Rikki Ducornet

An Alchemy of Dreams and Desire

Nonfiction · Reprints · December 23, 2004

Entering Fire

Fire for the alchemist causes calcination, reducing substances within the athanor furnace to ashes. Fire is also the heat that fuses elements, a process often represented in alchemical illustrations as sexual intercourse between the sun and the moon, symbols of the masculine sulphur and the feminine mercury. The second novel, Entering Fire, is a story of both love and hate, inspired also by a visit to a greenhouse outside Paris where orchids were being cloned. [34] The fiery theme in this novel is portrayed as both regenerative and destructive, alternating between the forces of good and evil. It chronicles the loves of a father, Lamprias de Bergerac, for women, nature and the forest, and the hatred of his son, Septimus, a bigot possessed by anti-Semitism and other Eurocentric prejudices. Lamprias is an amateur botanist and a descendant of the famous Cyrano of Rostand’s play. Ducornet admired the play and was delighted to find during her research that the original Cyrano was also an alchemist. She narrates the story almost exclusively through her male characters, as the male voice has fascinated her since the days of her father’s storytelling. [35]

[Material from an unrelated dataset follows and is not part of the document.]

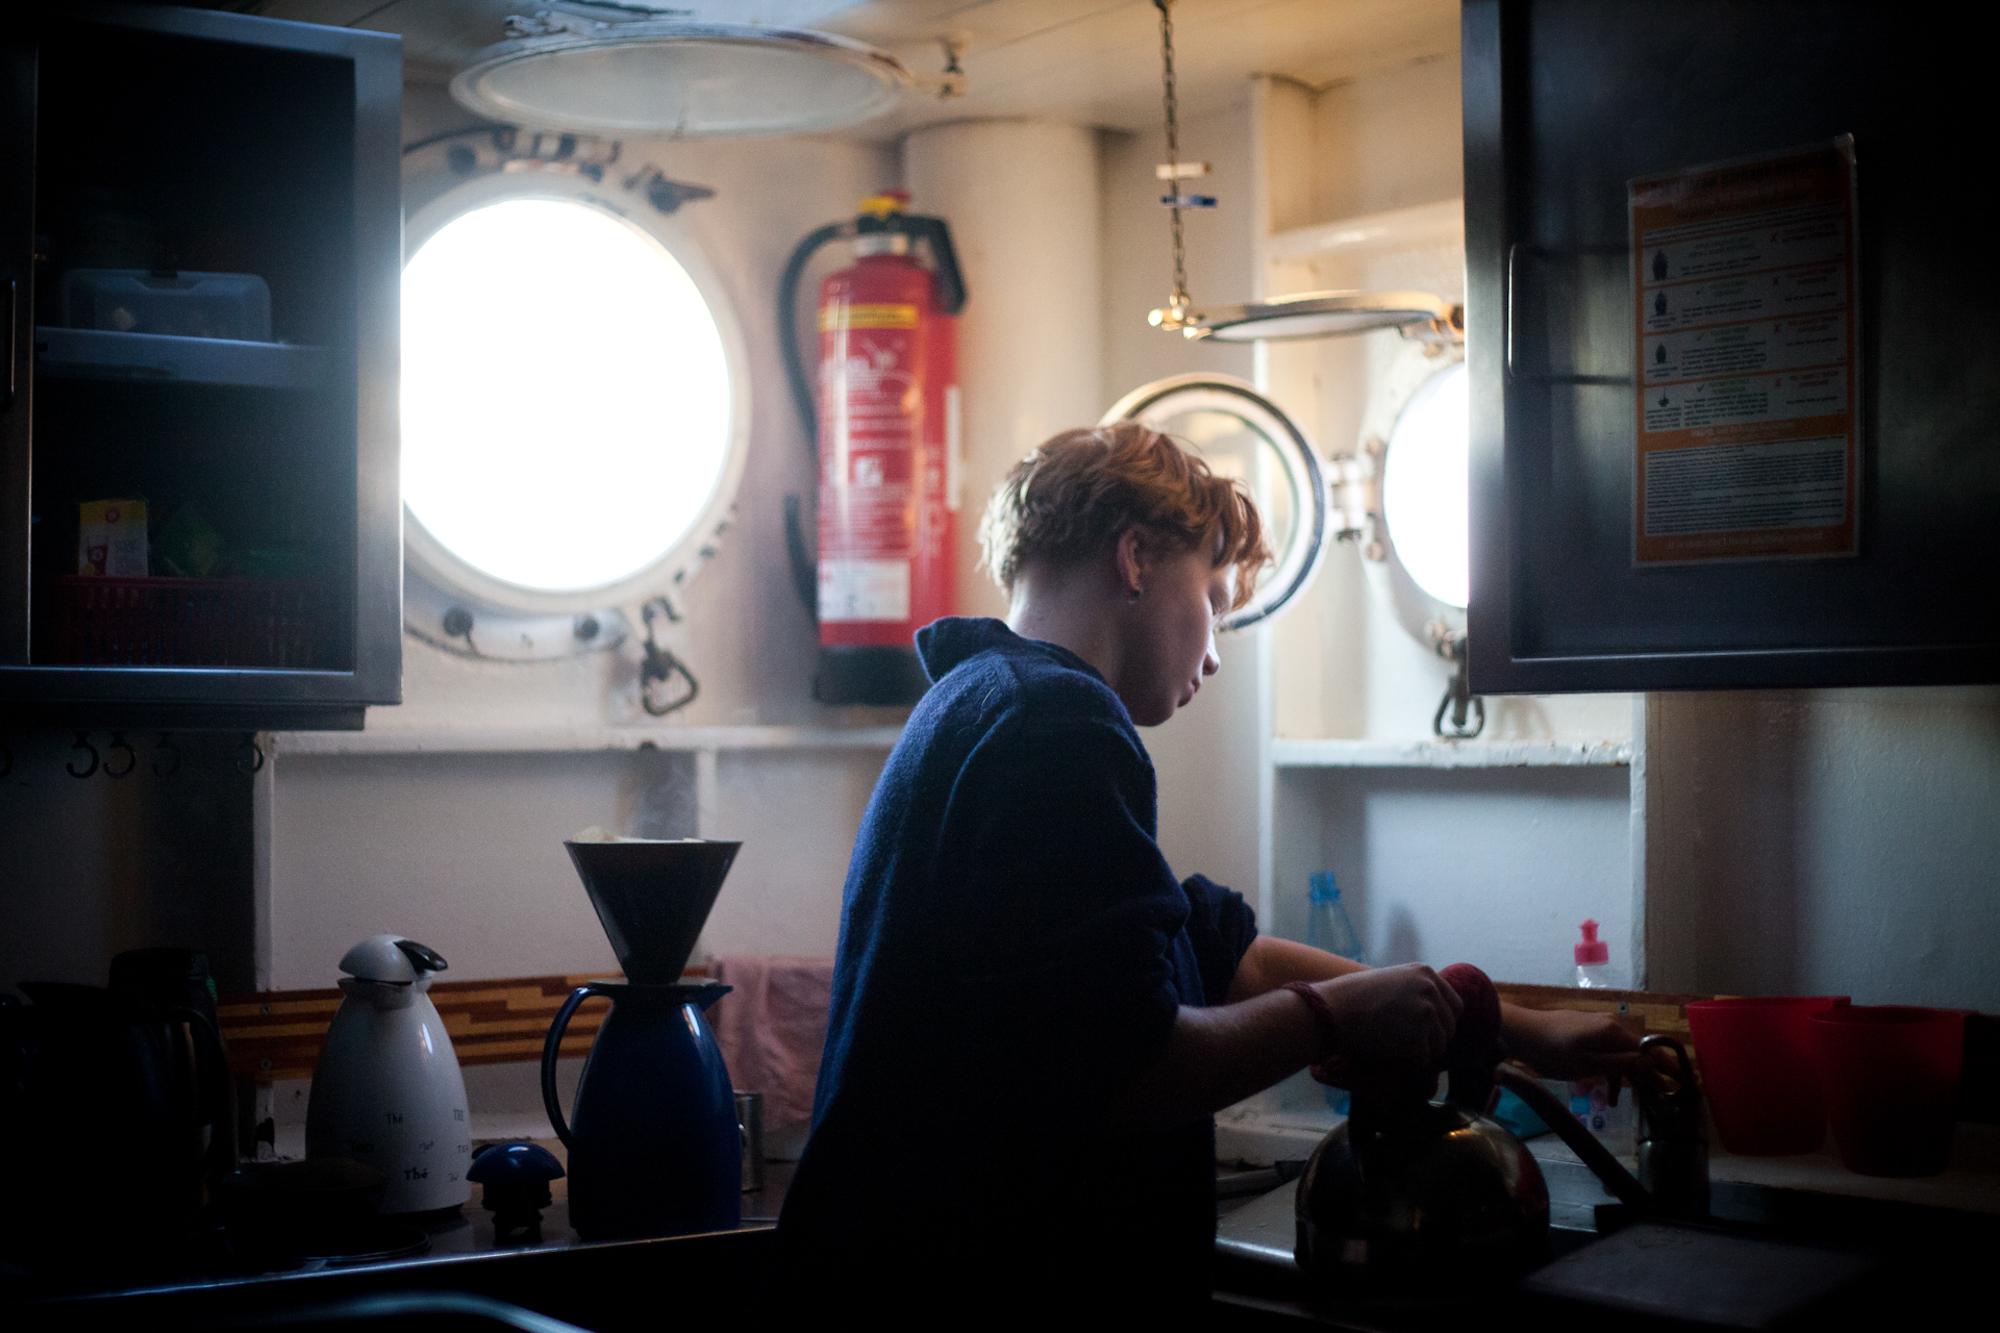 Charlotte Strauss auf dem Schiff Fridjof Nanson wo sie ihren Ausbildungsturn om 31. 7 bis 5. 8 absolviert. Fotograf: Evi Lemberger

Lamprias meets Virginie, Septimus’ mother, at a lavish tea, charmed by the way her lips encircle a creamcake. The marriage sours during the honeymoon, and worsens when Lamprias rescues Dust, a Chinese concubine with bound feet, and brings her to the family home. Both women have sons, Septimus and True Man, a hybrid but also, to the warped Septimus’s dismay, a perfect specimen of masculinity. Somewhat like the alchemical salamander, a symbol of fire, and his namesake, Chên-Yen, True Man can “enter water without getting wet and fire without getting burned” (34). The fire of Septimus’s hatred is fanned by his bigoted mother, sparking him to burn the books of his father’s library. They cremate the despised Dust after she dies of influenza and then throw her ashes into the Loire. Later when Septimus grows up to embrace Facism, he takes great delight in the Gestapo’s concentration camp ovens, especially when directing the arrest and annihilation of two of his father’s former lovers.

But fire here also represents love and human passion. Lamprias believes that “The Eternal Feminine throbs at the heart of Mystery” (21). The cities of South America that he visits and the Amazon forest where he collects his orchids are overheated by the tropical sun. The Indians dream, colored with caesalpinia dye the color of red coals (24). The talented prostitute Evangelista, “a volcanic fusion of Ivory Coast and Xvante” (26), takes her first steps as a child over hot coals. The land is an igneous fusion rich in mineral deposits including copper, iron and lead sulphide. Lamprias draws the analogy “As in an alchemical drawing, the sun radiates from within a crown of clouds” (29). [36]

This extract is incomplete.